In this embodiment, the position where the target gesture information is located is taken as the focal position, for example, one key point in the target gesture information is taken as the focal position, and in other embodiments, the key point of the limb information may also be taken as the focal position, so that implementation manners thereof are the same and will not be repeated.
In addition, in the above example, taking the first user behavior image and the second user behavior image as single-frame images as an example, as shown in fig. 40, the method shown in fig. 33 may also be combined with the method, where the user behavior image includes multiple frames of user behavior images, so that the corresponding focus position is determined according to the target gesture information identified in the multiple frames of user behavior images.

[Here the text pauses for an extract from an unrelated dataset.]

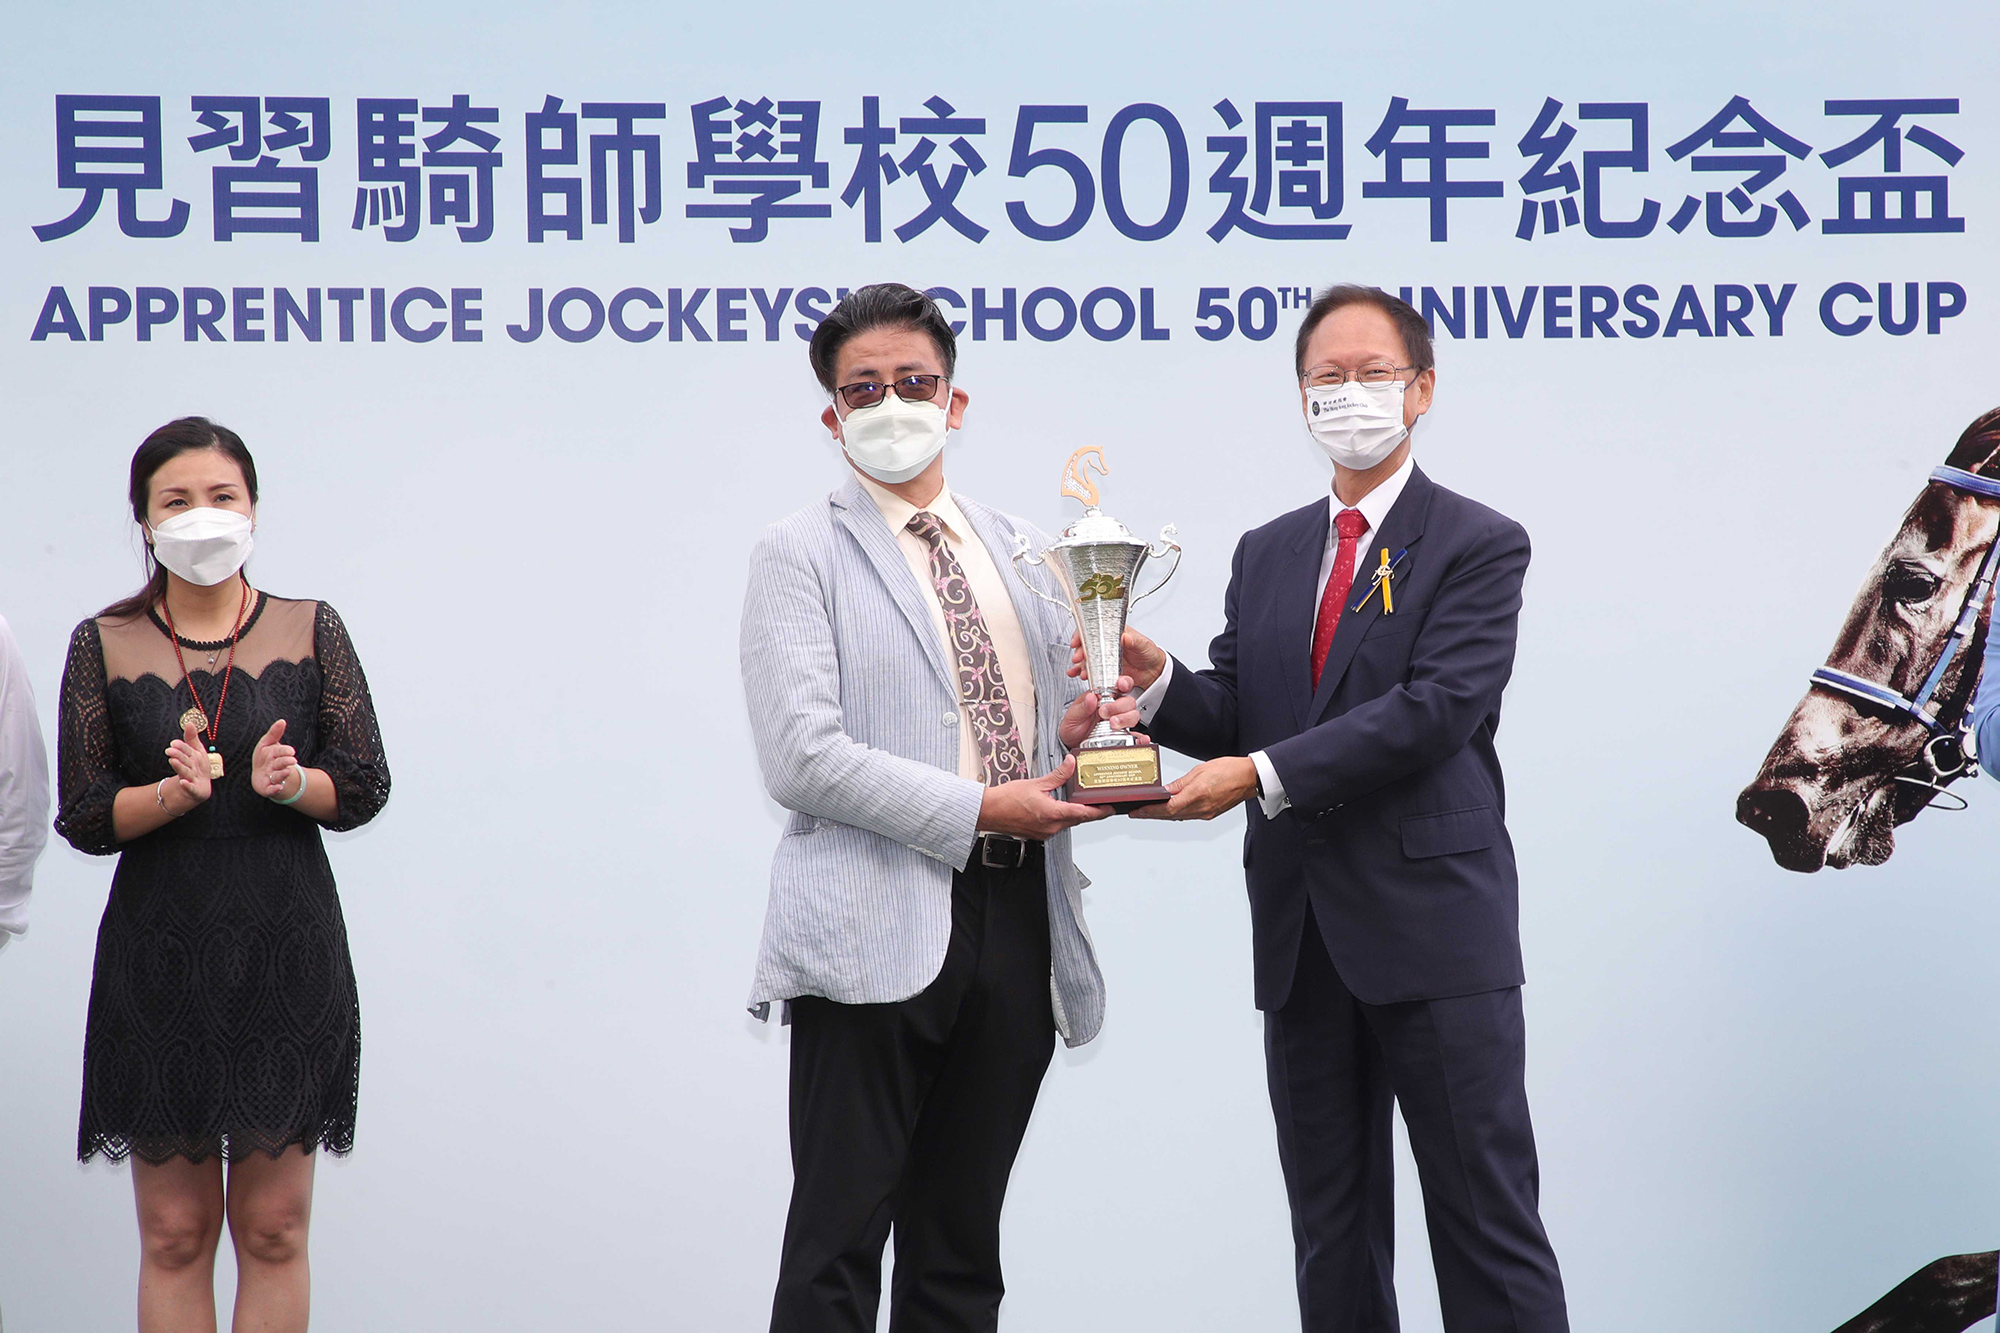 Chairman of The Hong Kong Jockey Club Mr Philip Chen presents the Apprentice Jockeys’ School 50th Anniversary Cup and trophies to Ace One’s owner representatives, trainer Douglas Whyte and jockey Ruan Maia.

In summary, according to the control method for the display device provided by the embodiment, the mapping relation between the virtual frame and the display in the user behavior image can be established, so that when the user controls the display device, the user can move on the display only through the movement of the gesture in the virtual frame, the movement of the indication target control can be realized, the action amplitude of the user is greatly reduced, and the user experience can be improved.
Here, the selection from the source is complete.